# ABOUT THIS EXERCISE
The answer must consist only of the lines in the records below from the line with "Yakovlev Yak-130 em" to the line with "Luxurious Living Room", both included, copied word for word with every picture left out.

# PROVIDED MATERIAL

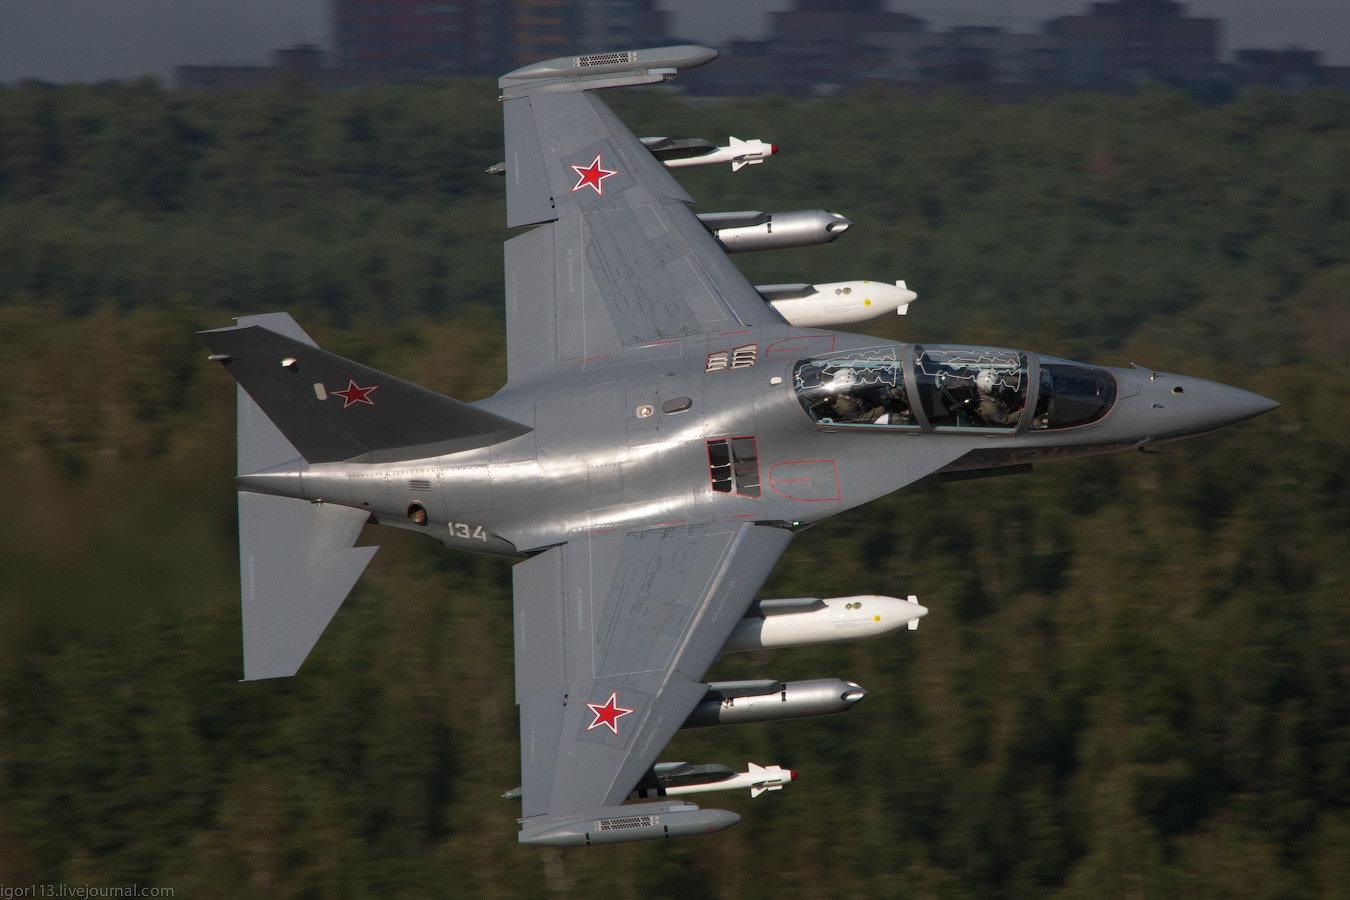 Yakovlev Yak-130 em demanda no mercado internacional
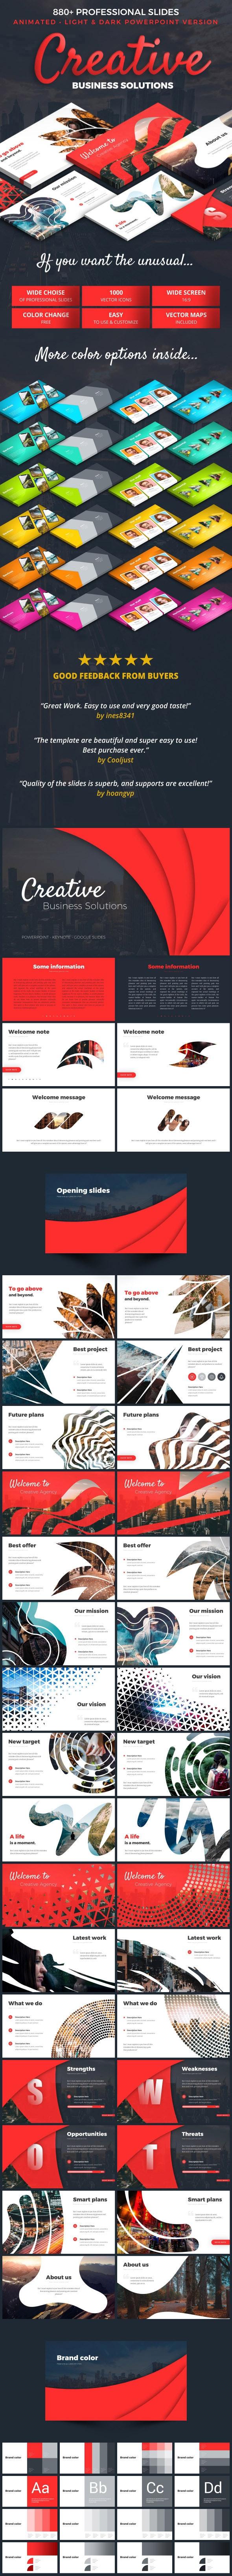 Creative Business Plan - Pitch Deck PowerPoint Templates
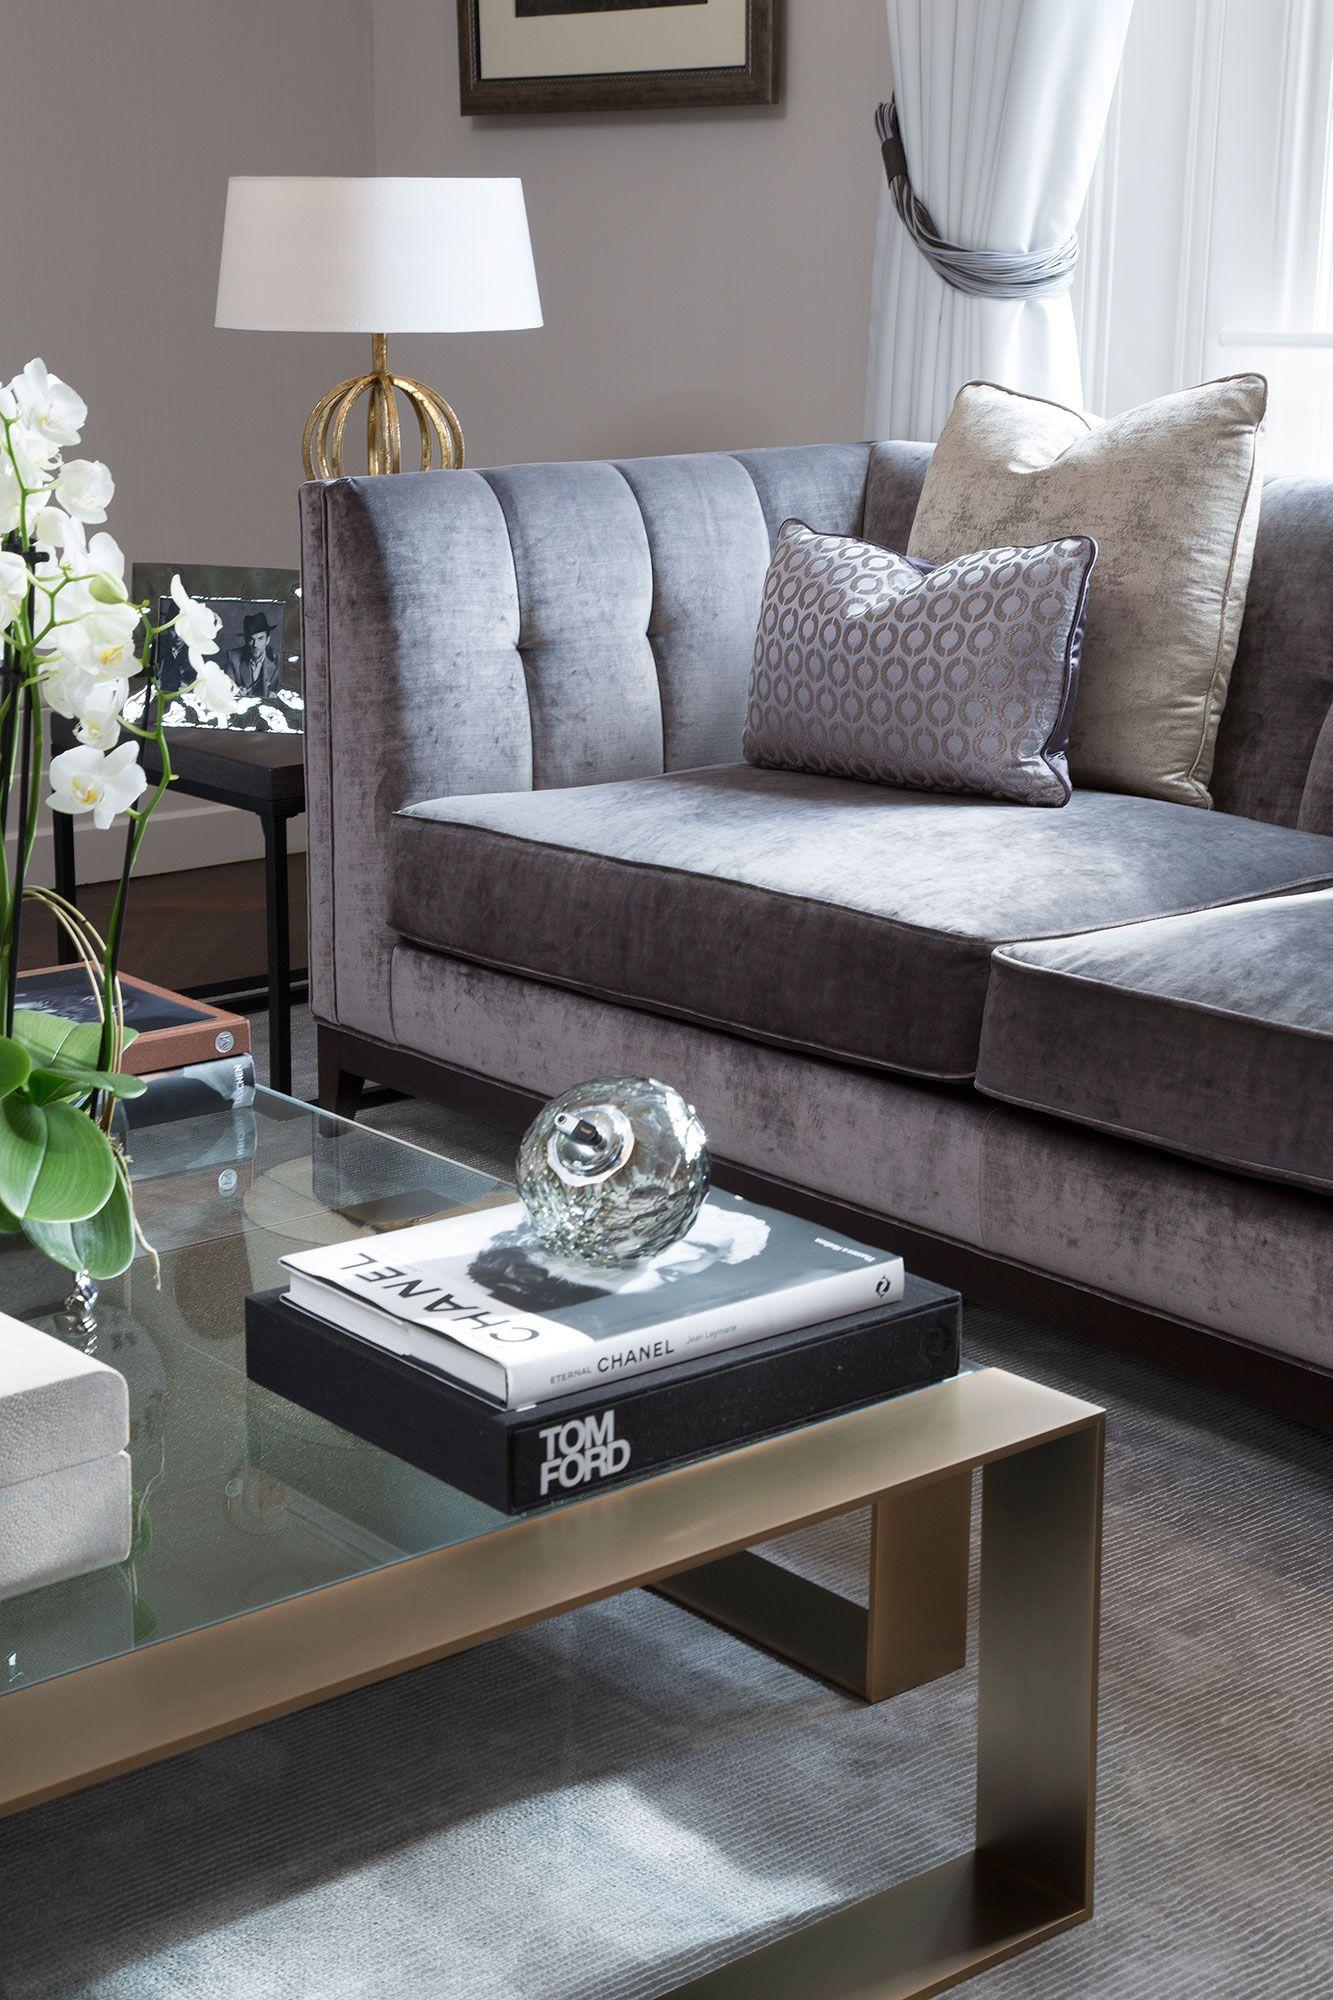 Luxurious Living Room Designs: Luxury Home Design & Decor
--
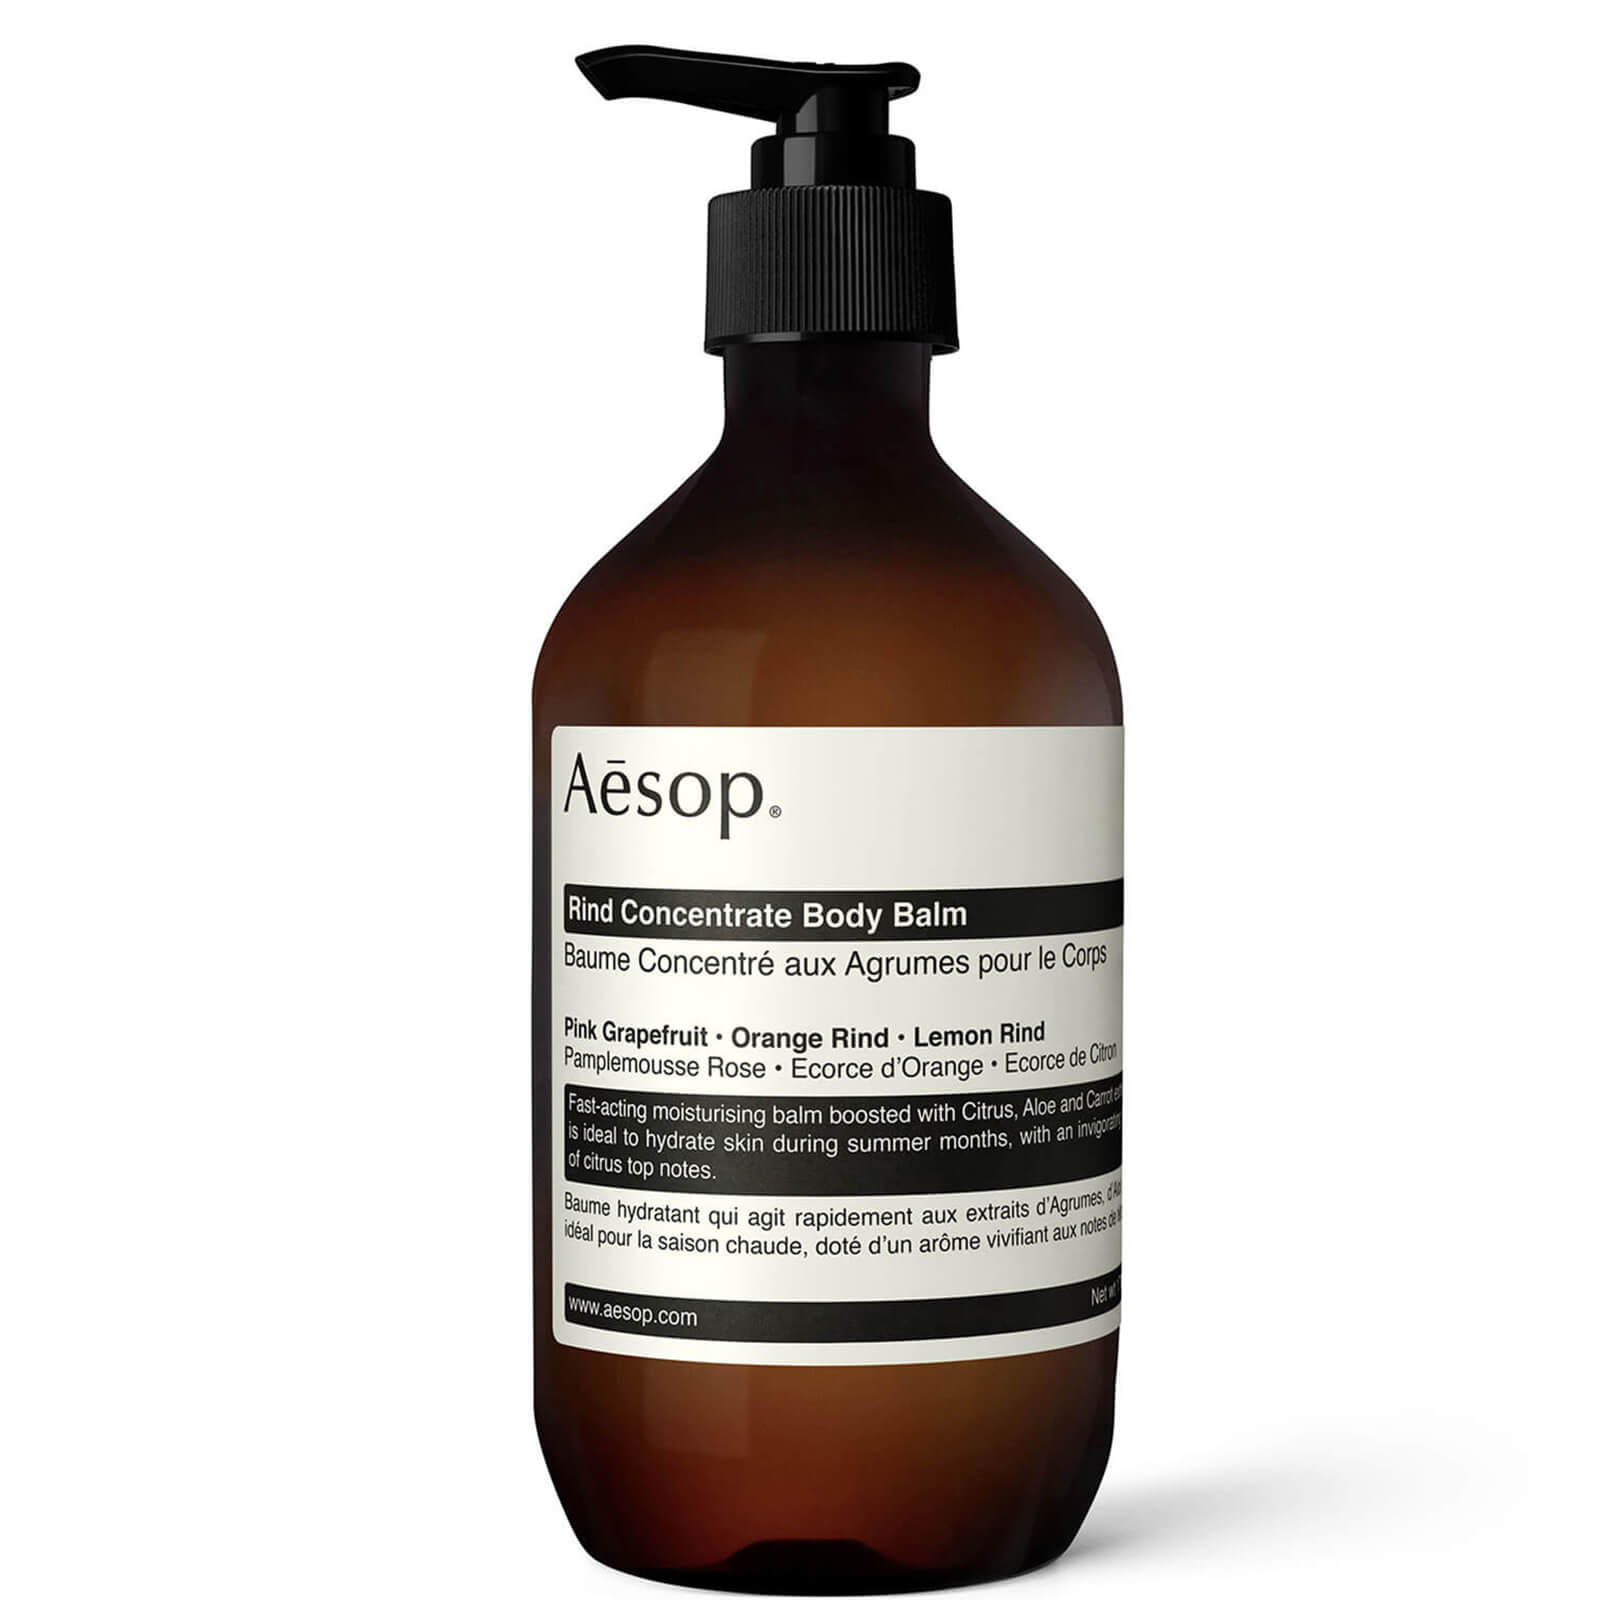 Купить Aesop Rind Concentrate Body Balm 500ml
--
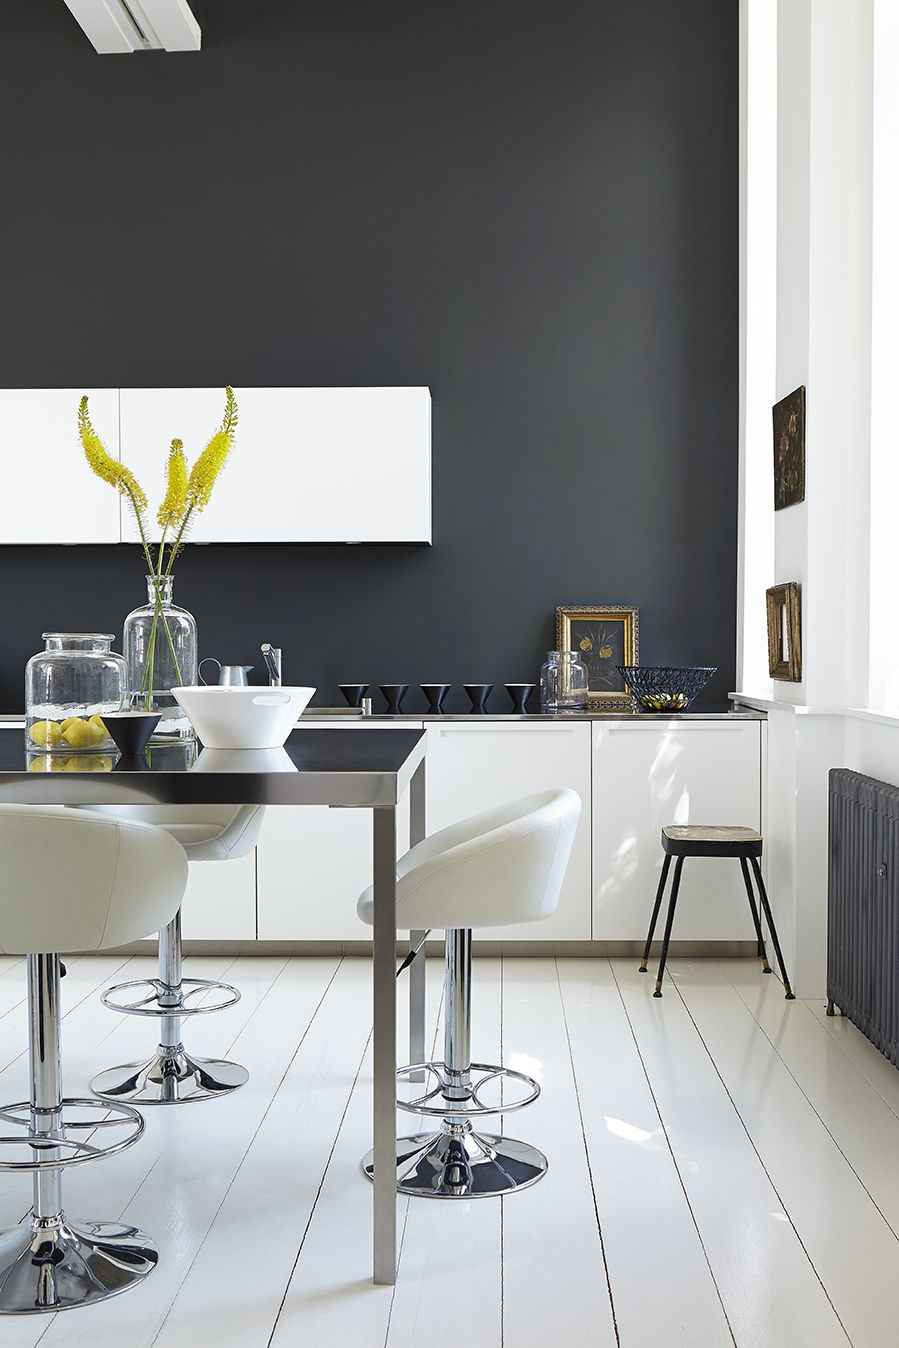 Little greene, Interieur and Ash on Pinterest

# PROBLEM SOLUTION
 Yakovlev Yak-130 em demanda no mercado internacional
 Creative Business Plan - Pitch Deck PowerPoint Templates
 Luxurious Living Room Designs: Luxury Home Design & Decor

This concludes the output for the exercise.